Parlare della manovra autunnale ora, dice, è «prematuro» perché la Commissione europea è ancora in attesa di una risposta sui conti del 2017. «Facciamo un passo alla volta» ripetono tre diverse fonti, una delle quali ha segnato sulla sua agendina nera due date. La prima è quella del 30 aprile: entro la fine del prossimo mese, l’Italia dovrà consegnare nero su bianco le misure utili a ridurre dello 0,2% del Pil il deficit strutturale. Uno sforzo che tutti a Bruxelles ricordano essere «il minimo indispensabile» per rientrare nei parametri, dal quale sono già stati scontati i costi per il terrorismo e per la gestione dei migranti. Per questo l’entità dell’aggiustamento «non cambia di una virgola».

Ipotetico  

L’altra data segnata sull’agendina nera è quella dell’11 maggio. Non è stato ancora deciso ufficialmente, ma al momento è quello il giorno in cui è previsto che Bruxelles pubblichi le previsioni economiche primaverili. Si tratta di un momento decisivo per l’Italia per due motivi: dalle cifre inserite nella tabella si capirà se le misure proposte nella manovra correttiva saranno ritenute «credibili» e dunque in grado di portare all’aggiustamento richiesto (in caso contrario l’Italia rischierebbe una procedura per la violazione della regola del debito, più eventualmente un’altra legata alla flessibilità ottenuta lo scorso anno). Dunque fare calcoli ora sulle cifre del 2018 è un esercizio «assolutamente ipotetico» spiegano dal Palazzo Berlaymont. «Ci sono molti fattori che potrebbero intervenire» si fa notare: fattori economici a cui si aggiungeranno poi quelli politici. L’11 maggio cadrà quattro giorni dopo le elezioni francesi: un atteggiamento di maggiore o minore disponibilità da parte di Bruxelles nei mesi successivi dipenderà anche dall’esito delle urne.
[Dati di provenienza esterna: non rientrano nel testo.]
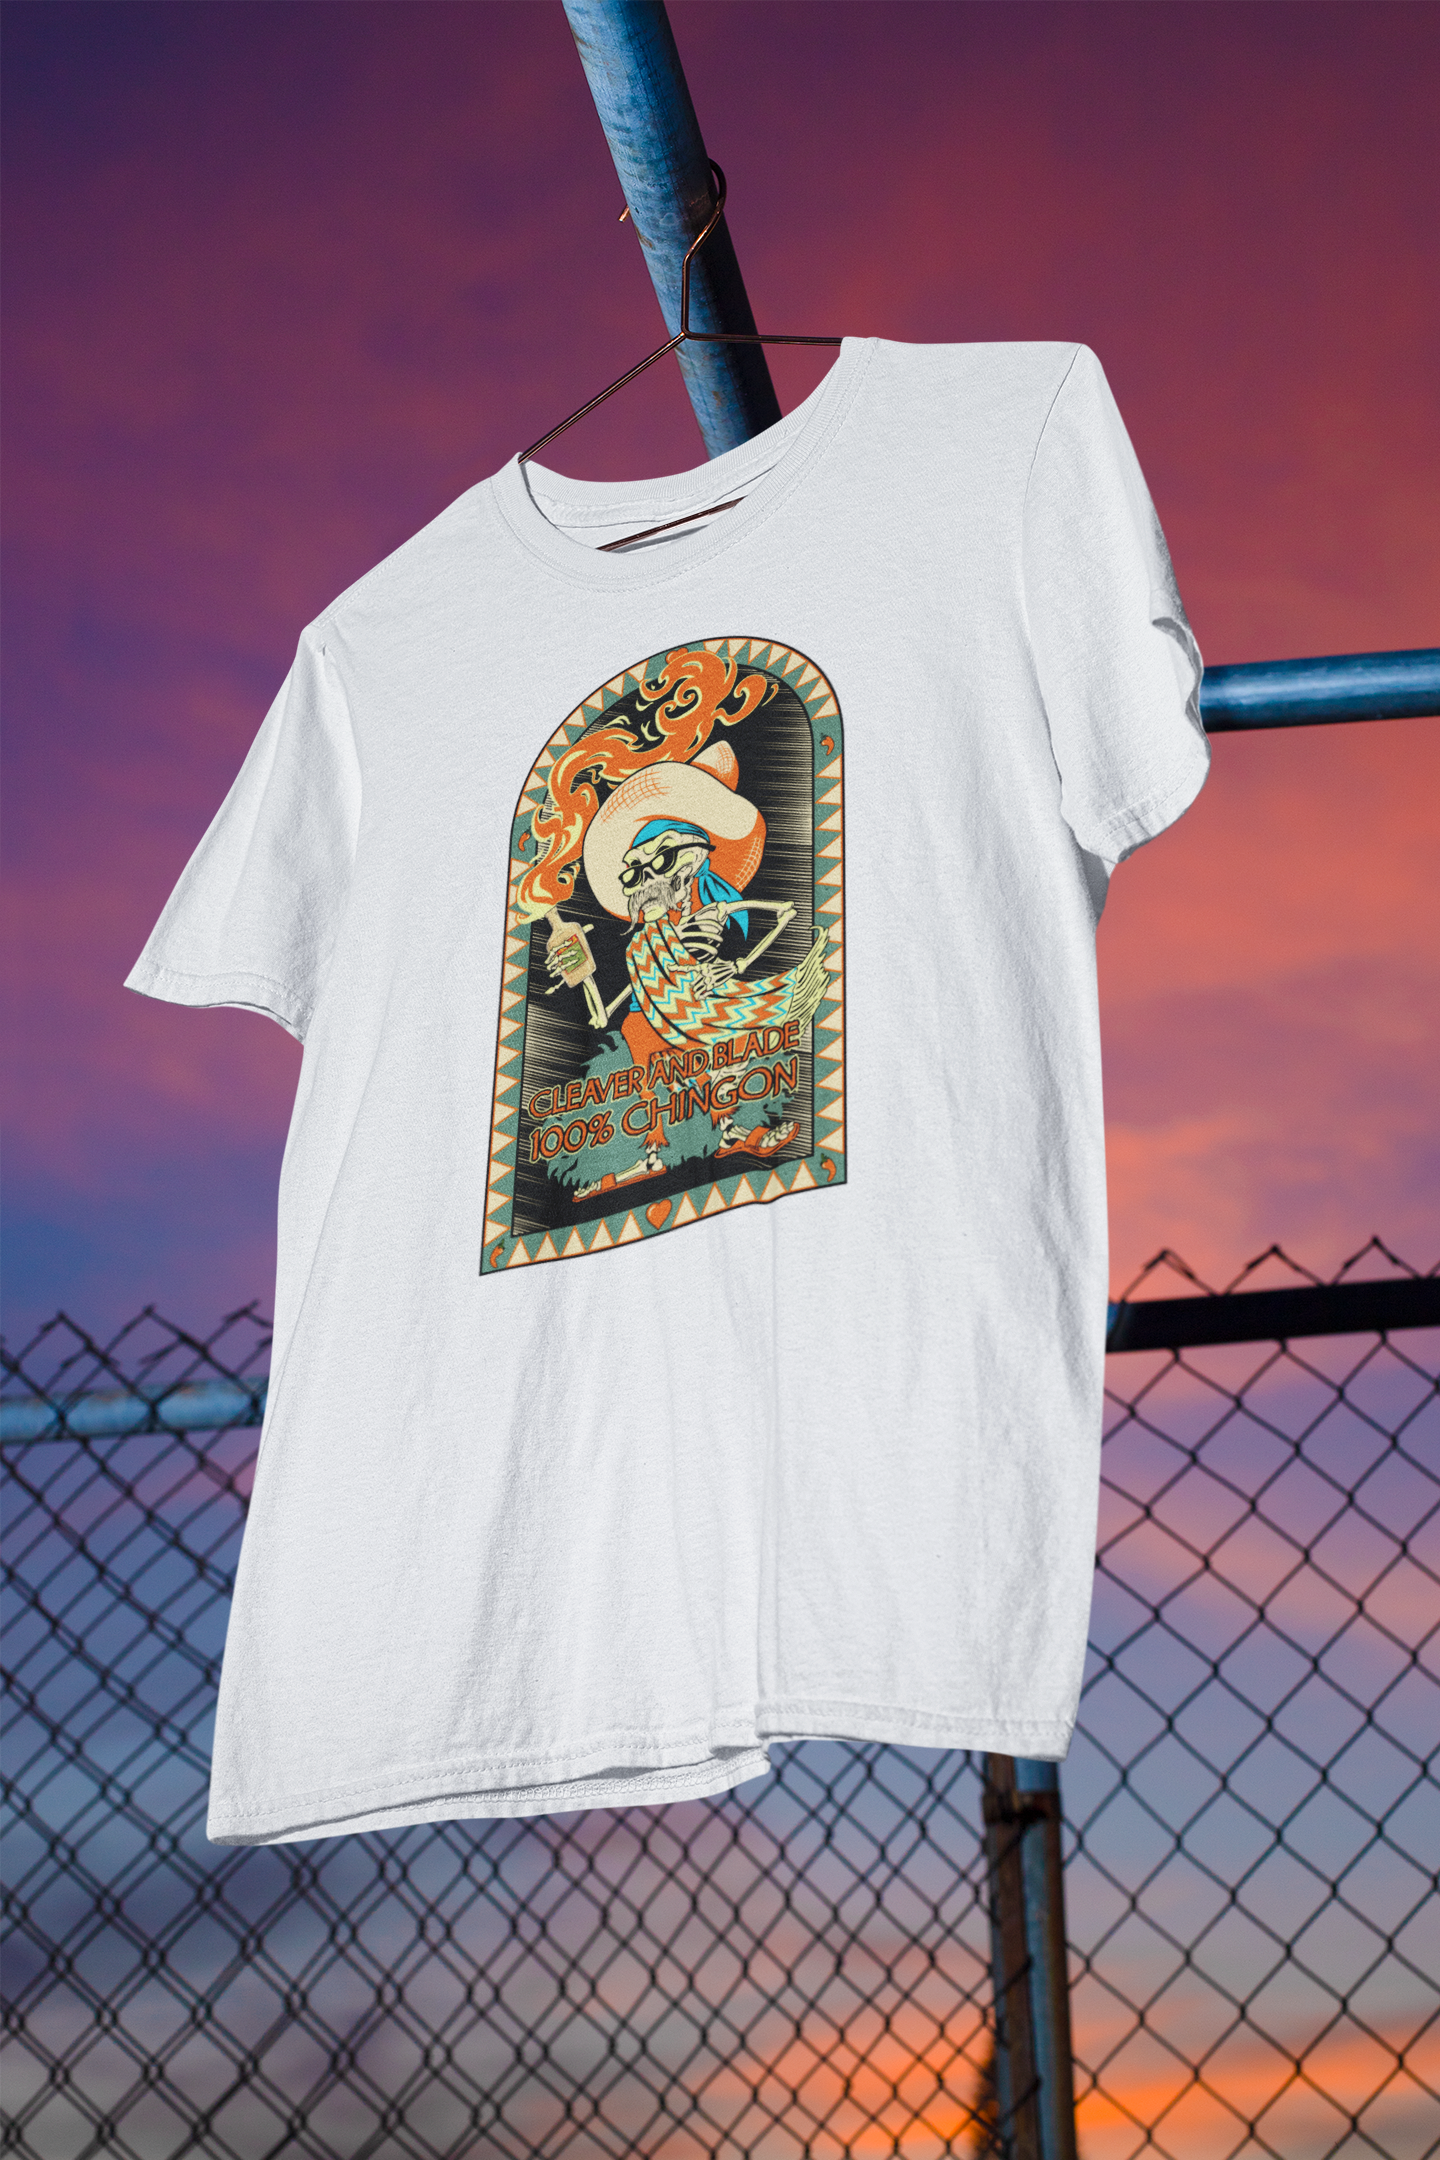 100% Chingon T-Shirt Cleaverandblade.com
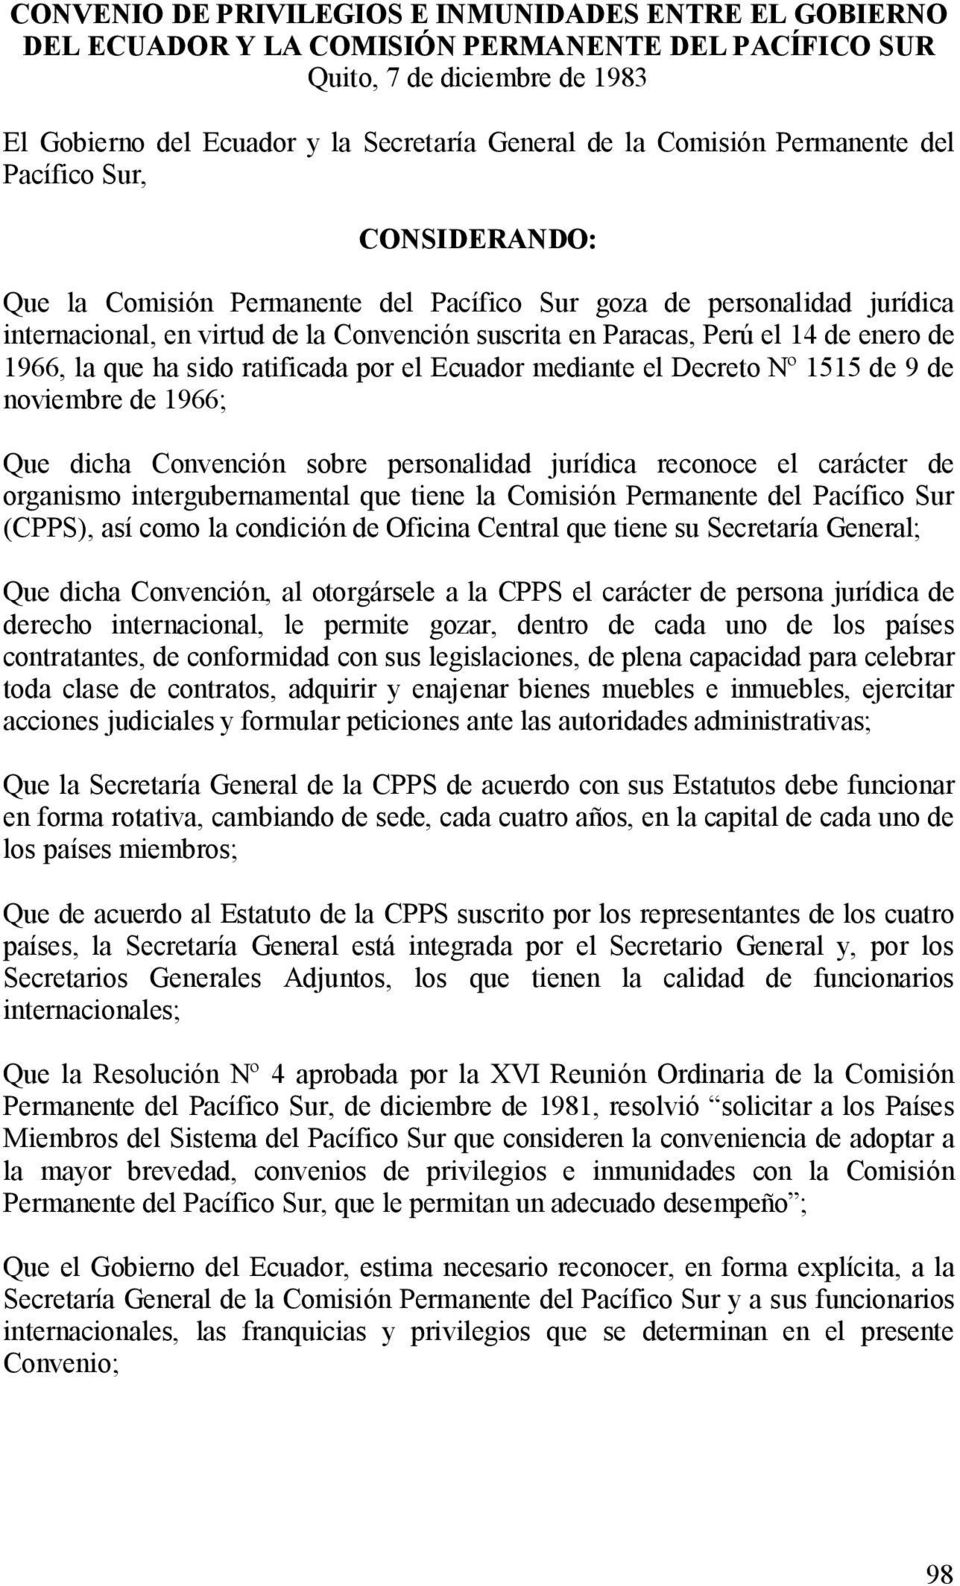 de enero de 1966, la que ha sido ratificada por el Ecuador mediante el Decreto Nº 1515 de 9 de noviembre de 1966; Que dicha Convención sobre personalidad jurídica reconoce el carácter de organismo

Da un punto di vista meramente contabile, lo sforzo strutturale che potrebbe essere richiesto all’Italia in autunno per non uscire dalla traiettoria è dello 0,6% del Pil (poco più di 10 miliardi). A questo, però, andrà aggiunto il valore del «deterioramento strutturale» che emergerà dalle previsioni di primavera. In base ai dati attualmente a disposizione dei tecnici, il deficit strutturale italiano dovrebbe salire dello 0,4% del Pil. La manovra correttiva, però, servirebbe a ridurre l’incremento dello 0,2%. Dunque, potenzialmente, in autunno i conti italiani sforerebbero dello 0,8% (0,6%+0,2%), circa 13,5 miliardi di euro.

Speculativo  

Al di là dei calcoli prematuri e ipotetici, in questa fase Bruxelles vuole evitare di farsi «trascinata nella campagna elettorale» italiana. Per questo gli annunci delle ultime ore sono considerati «speculativi». Con Pier Carlo Padoan, si sottolinea, c’è un ottimo rapporto. Il feeling con Paolo Gentiloni è «molto buono». Ma c’è il timore che si facciano «spingere nella direzione sbagliata». Anche perché – si fa notare – prima ancora che alla Commissione, l’Italia deve mandare un segnale ai mercati. «I vostri problemi sono le banche e il debito – dice una fonte -, dovete recuperare la fiducia degli investitori per tenere a bada i tassi di interesse ed evitare la fuga degli investimenti». Altrimenti altro che «zerovirgoladue».